Reverend Doug Taylor writes about how we Unitarian Universalists use the term Beloved Community to mean different things – for some it is specifically about racial justice making and for others, it describes a healthy, vibrant religious community. Other voices tell us this concept is about a more inclusive world that is within our power to create (The UU Justice Ministry of California).
Essential to Beloved Community is that last element: it is of our making and co-creating. Even so, it being of our making, it is no project with a certain outcome. Beloved Community is by no means Beloved Certainty.
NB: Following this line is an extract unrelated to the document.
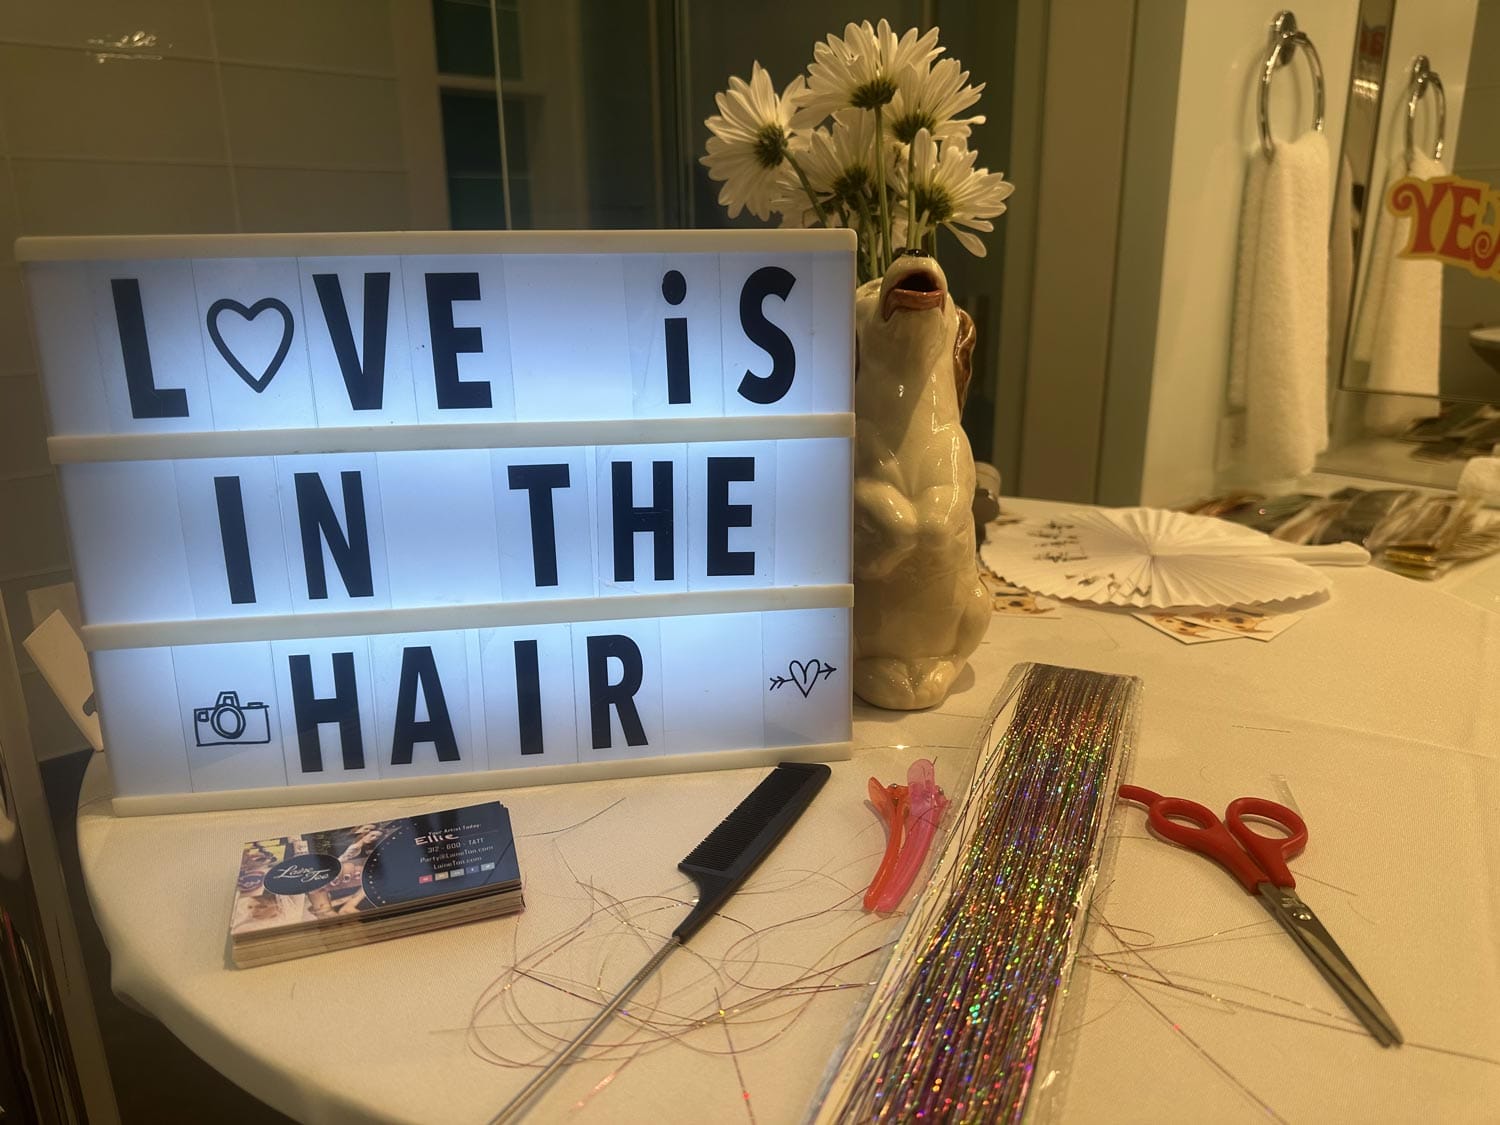 Lightbox with the phrase "love is in the hair" on a table with a vase of white flowers, hair accessories, and scissors.
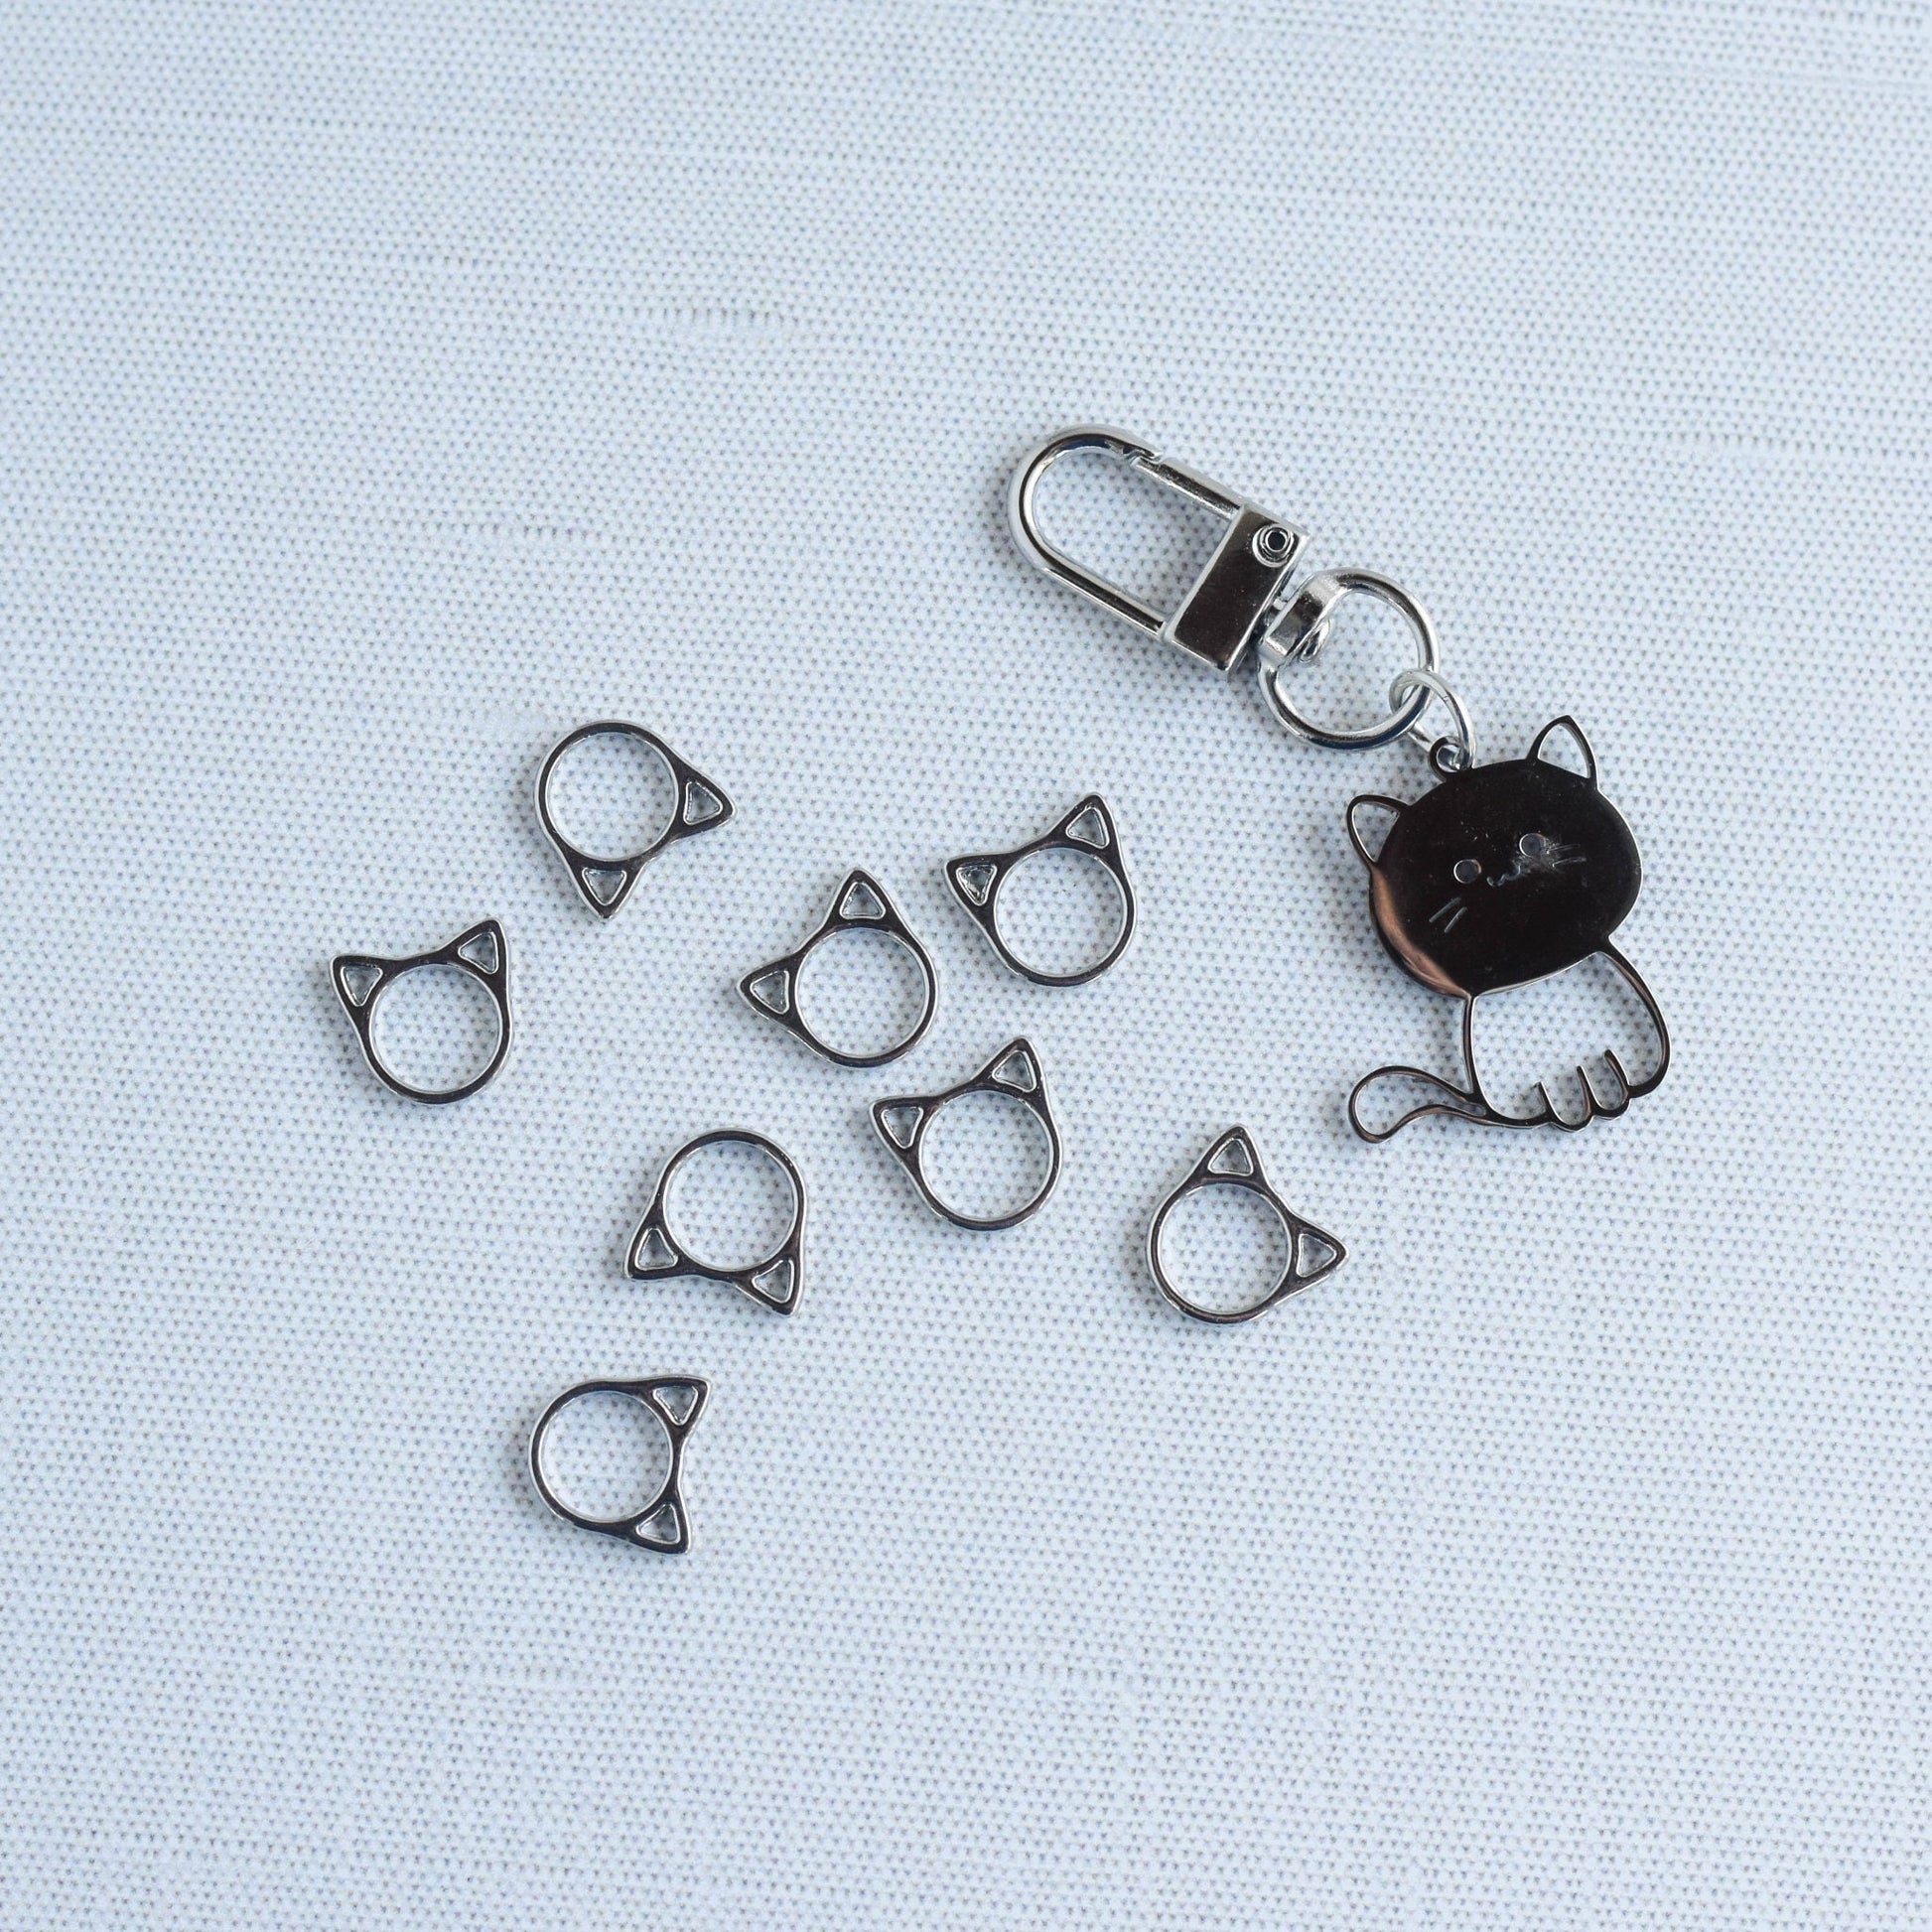 Set of 8 Cat Stitch Markers plus Holder, Cat Lover Stitch Markers, Snag Free Stitch Markers, Small Stitch Markers

Here’s the funny thing. Not funny ha-ha, but funny hard. Even if security or certainty does not exist in nature (as Helen Keller reminds us), it turns out that we are hard-wired to prefer it. Neuroscience tells us that our brains don’t like uncertainty; we respond as if it’s a type of pain. On the other hand, our brain steers us towards certainty, even when it might not be in our best interest.
So what’s a human to do?
We can start by slowing down, quieting down (our lives, our days, our monkey minds), and listening. Listening, often, to stories. Real stories of real lives. Stories that the earth and the universe, art and music are telling us in language that is not words – perhaps it is mathematics or quantum mechanics; perhaps it is the combination of melody and harmony or the complementarity of colors, but is story nevertheless.
Though it is not fully here yet, I have come to believe that Beloved Community is available to us already, albeit in finite moments, transitory as they are, real nonetheless. Perhaps you have had such encounters – fleeting, but nearly tangible? These moments of Beloved Community call out to us like the Indian novelist Arundhati Roy suggests:
“Another world is not only possible, she is on her way. On a quiet day, I can hear her breathing.”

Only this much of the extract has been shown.